# Step 1: Ingest Active Data
> **Active Data** represents the stream on information content coming into system, typically on a daily basis. For example, a series of news articles published each day and what things are mentioned in those articles are all Active Data. 
 
![step1](resources/Step1_Ingest.png)

This notebook reads news articles (Content) and ingests them as nodes into your Knowledge Graph.
* Import OpenTLDR Knowledge Graph - which automatically uses your .env to connect to Neo4J.
* Iterate through the content text in the repository
* For each article:
- Create (or merge) a Content node that represents where the article was published.
- Run NLP for "Named Entity Recognition" to identify the entities mentioned.

The result of this step includes:
- Source nodes
- Content nodes, connected to Source nodes with an IS_FROM relationship
- Entity nodes, connected to Content nodes with a MENTIONED_IN relationship

## Setup

In [None]:
import logging

#logging.getLogger("OpenTLDR").setLevel(logging.ERROR)  # Less output
#logging.getLogger("OpenTLDR").setLevel(logging.WARN)   # Default
logging.getLogger("OpenTLDR").setLevel(logging.INFO)   # More output
#logging.getLogger("OpenTLDR").setLevel(logging.DEBUG)  # So much output

In [None]:
import os
from datetime import datetime

from opentldr.Domain import Source, Content, Entity
from opentldr import DataRepo
from opentldr import KnowledgeGraph

kg=KnowledgeGraph()

## Parameters
OpenTLDR workflows use the notebook block tagged as "parameters" to inject variables (for example to redirect the source of content).

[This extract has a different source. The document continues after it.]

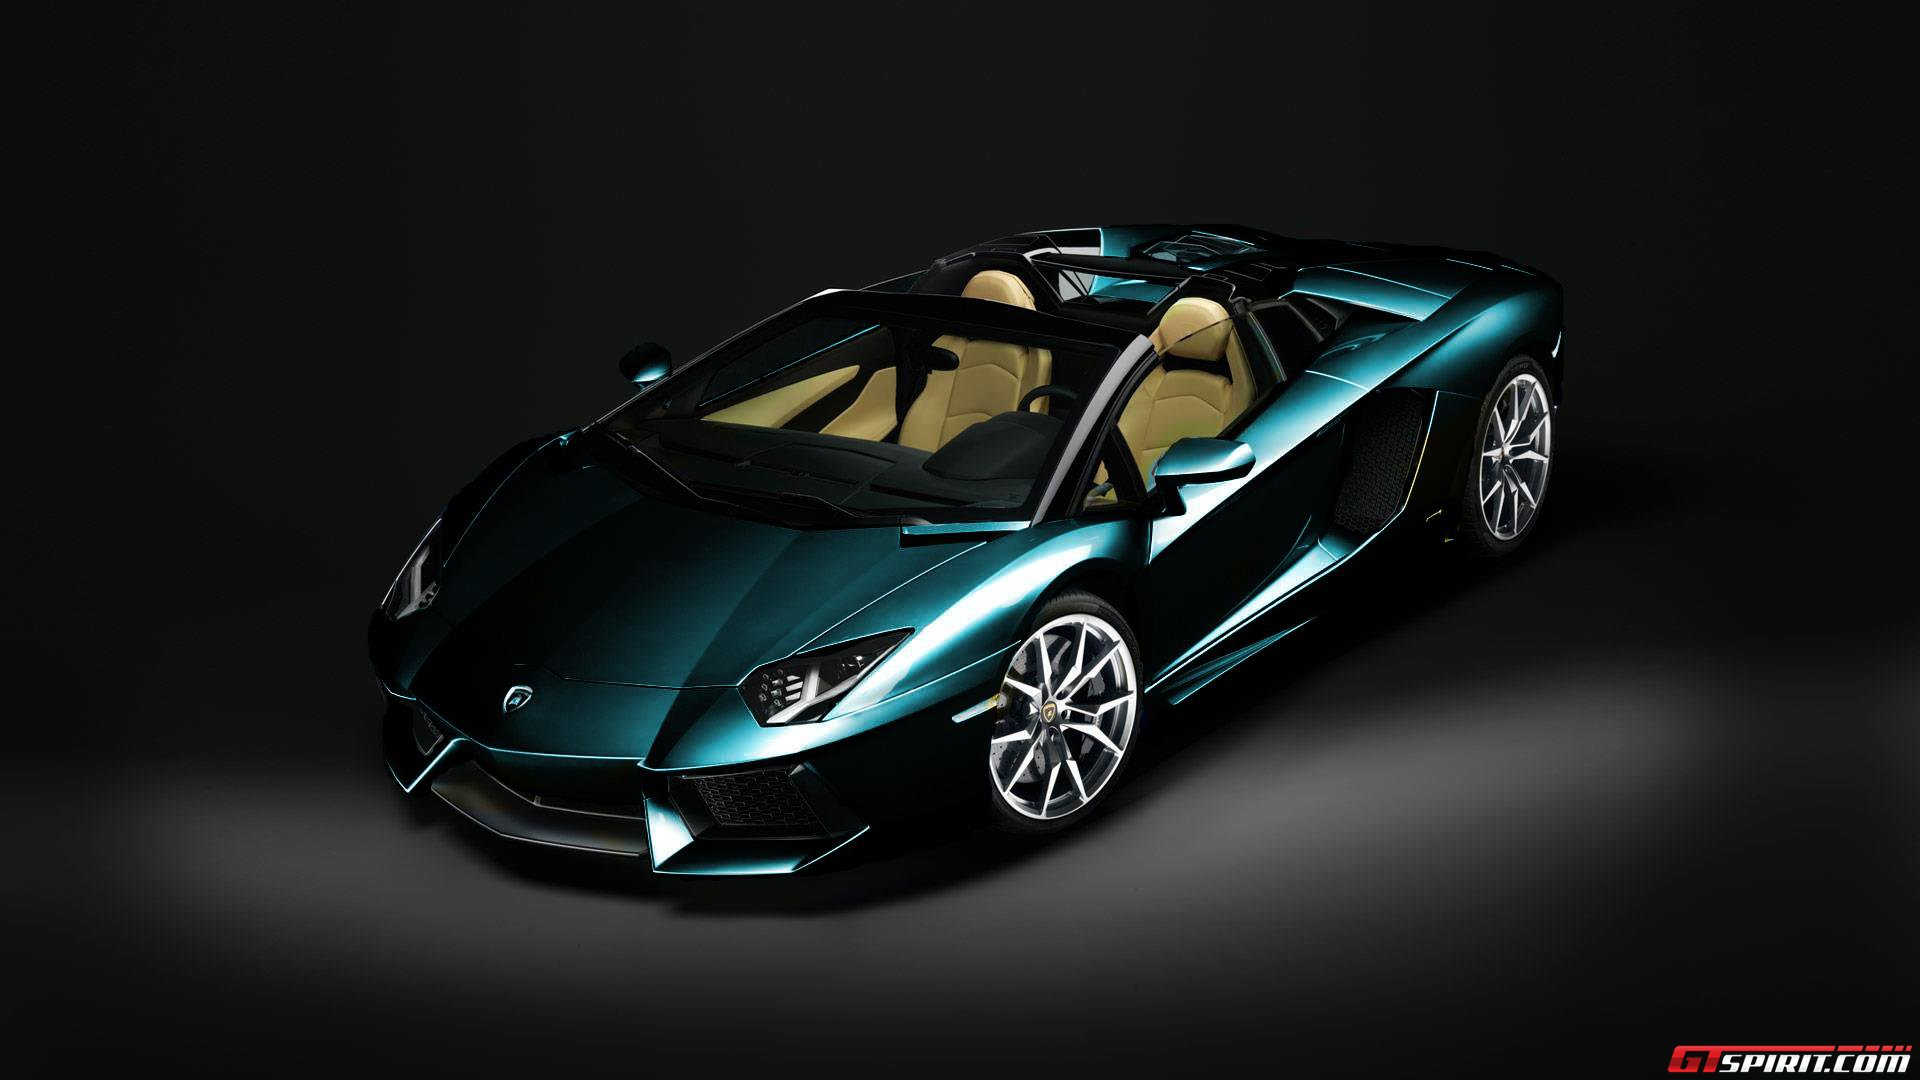 2013 Lamborghini Aventador Roadster Colors Photo 1
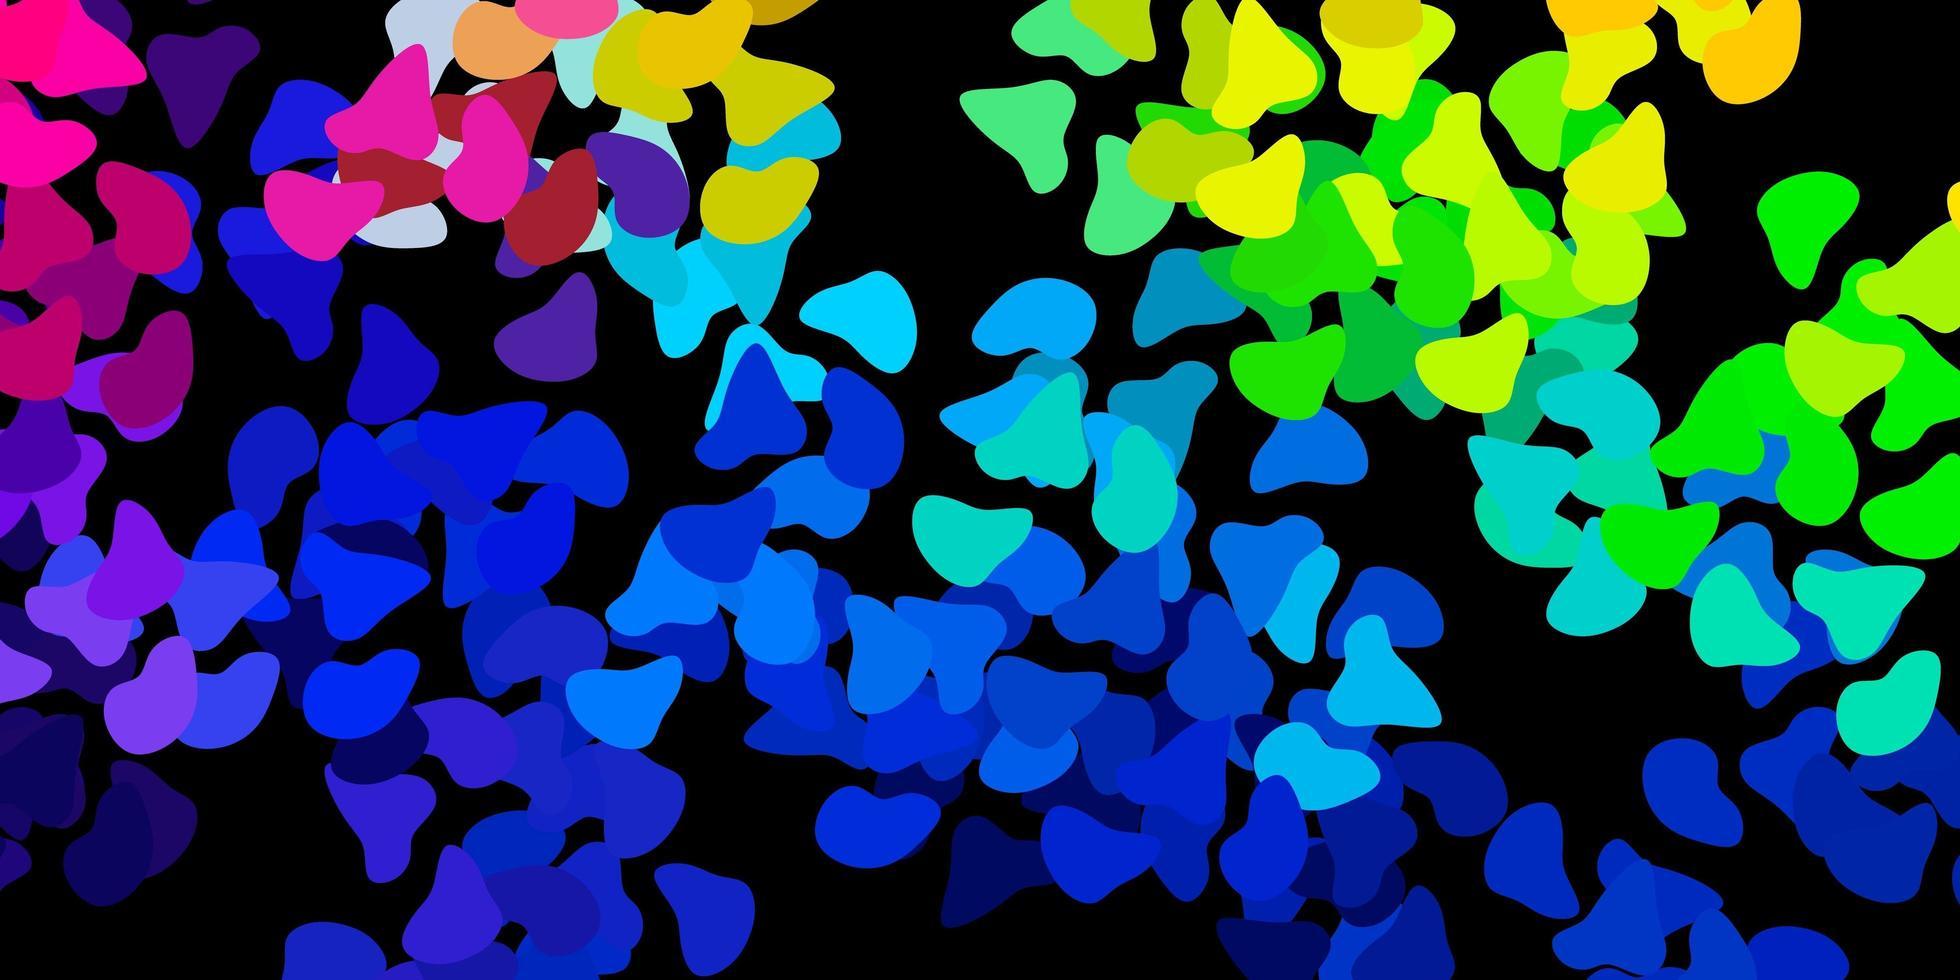 textura de vector multicolor oscuro con formas de memphis

> **Do Not Change Variable Names in the Parameters Block** you are welcome to change the values of these parameter variables, but please do not change their names. They are used elsewhere in the notebook and in other workflow processes.

In [None]:
#Parameters

active_date_repo_config = {'repo_type': 'files','path': './sample_data/content'}

spacy_model="en_core_web_sm"


## Ingest text files from the sources directory into the KG

In [None]:
# if you plan to only run this notebook multiple times you could clean out the content nodes each time
# kg.delete_all_content()

if active_date_repo_config is not None:
    repo = DataRepo(kg,active_date_repo_config)
    list_of_uids =  repo.importData()
    print("Loaded {count} articles from the repository.".format(count=len(list_of_uids)))

## Named Entity Recognition (NER)
This is the process of detecting objects that are identified within the text and associating them with one of the above types.

### Setup spaCy for NLP/NER

In [None]:
import spacy
import sys
import subprocess

# if you have a GPU and your imstalled the spacy[cuda] package, it will use the GPU
spacy.prefer_gpu()

# SpaCy uses a language model that needs to be downloaded, this checks if that has been done
# and if it has not, it will download the model (and some dependencies) which can take a bit.
if not spacy.util.is_package(spacy_model):
        print("Downloading spaCy NLP Model...")
        #equivelent to running -> !{sys.executable} -m spacy download {spacy_model}
        subprocess.check_call([sys.executable, "-m", "spacy", "download", spacy_model])
else:
        print("spaCy model ({model}) is already downloaded.".format(model=spacy_model))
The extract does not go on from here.